Incautada por la policía
una emisora clandestina en Maracay
El edificio chato y gris de la Seguridad Nacional lanza sus tentáculos por toda la ciudad. Álvaro Agudo se identifica en la recepción y sube al primer piso, donde tendrá lugar la rueda de prensa. El ambiente enrarecido, la calma de los funcionarios aísla a cada uno de los periodistas, que esperan que la sesión comience. Tratan de no pensar en el lugar y mucho menos en los sótanos del edificio.
Jorge Maldonado Parilli, jefe de la Seguridad Nacional, recibe a los periodistas en su oficina con un frío y cortés «buenos días». En ese lugar no se le puede dar la bienvenida a nadie. Maldonado Parilli comienza a hablar. Le interesa que se sepa, que se sepa que, después de una ardua labor, los detectives de Maracay resolvieron el caso e incautaron la emisora.
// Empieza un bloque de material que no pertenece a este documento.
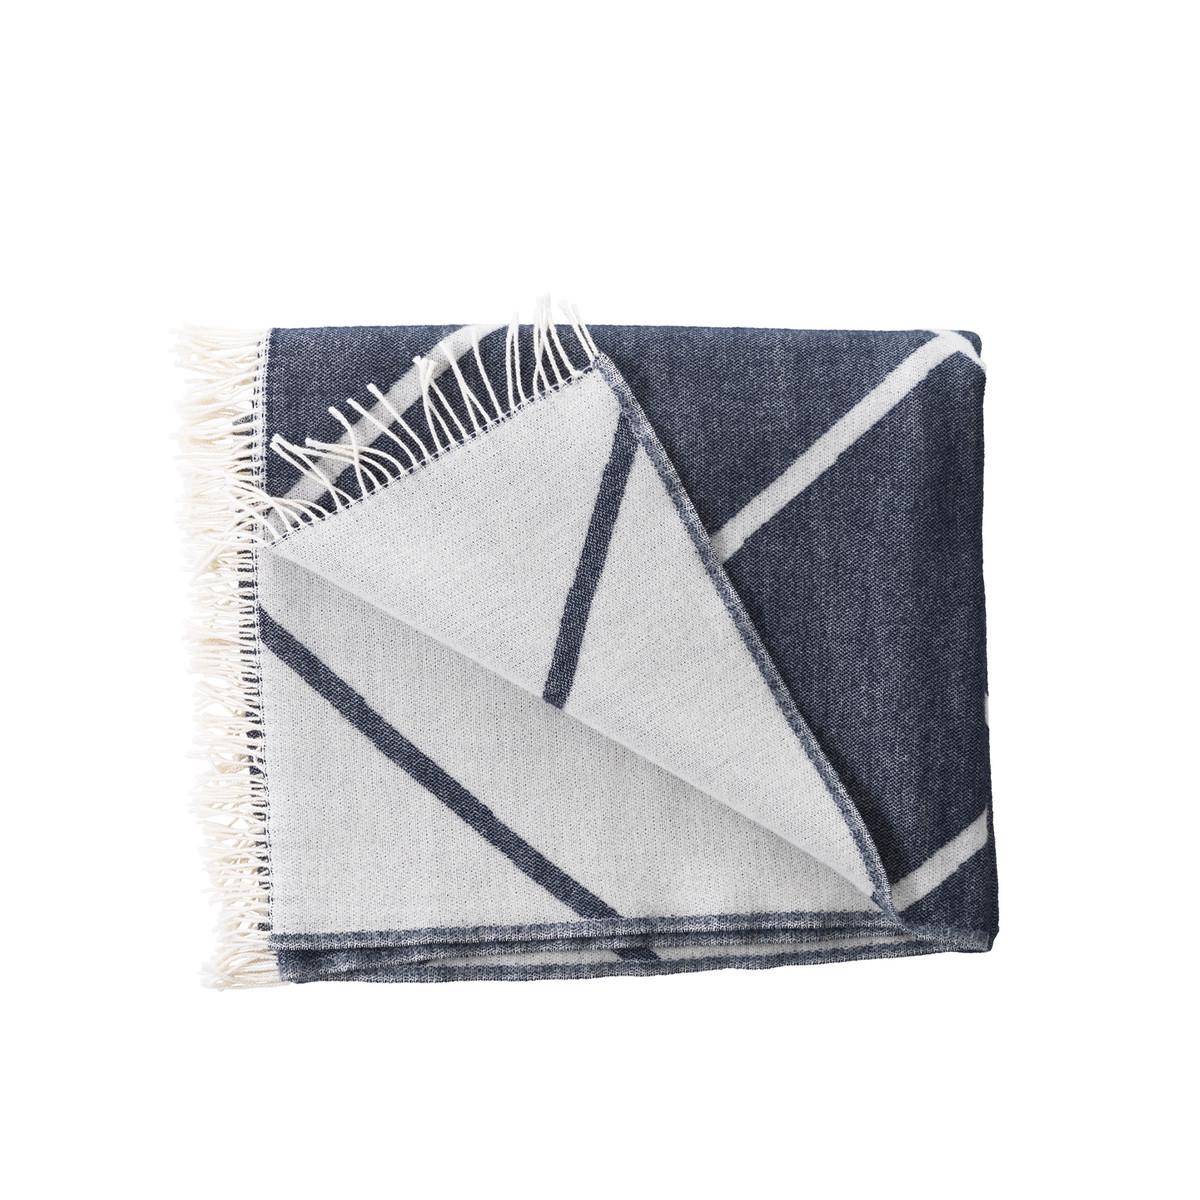 by lassen mesch wolldecke navy blau navy t 140 b 210. Black Bedroom Furniture Sets. Home Design Ideas

Maldonado Parilli habla con parquedad, sin abundar en comentarios, rehuyendo más bien las preguntas de los periodistas, pues la rueda de prensa es, en realidad, para que solo hable él. Lo que quiere es que se sepa, que se sepa que la seccional de Maracay tenía conocimiento desde hacía treinta días de las emisiones del transmisor y que comenzaron su búsqueda con un aparato detector. A una pregunta pregunta de uno de los periodistas, informa que la mencionada seccional de Maracay identificó a Vicente Cardozo y a su esposa Felicita Colón como los ocupantes de la casa de la avenida Santos Michelena, en cuyo sótano fue localizada la emisora clandestina.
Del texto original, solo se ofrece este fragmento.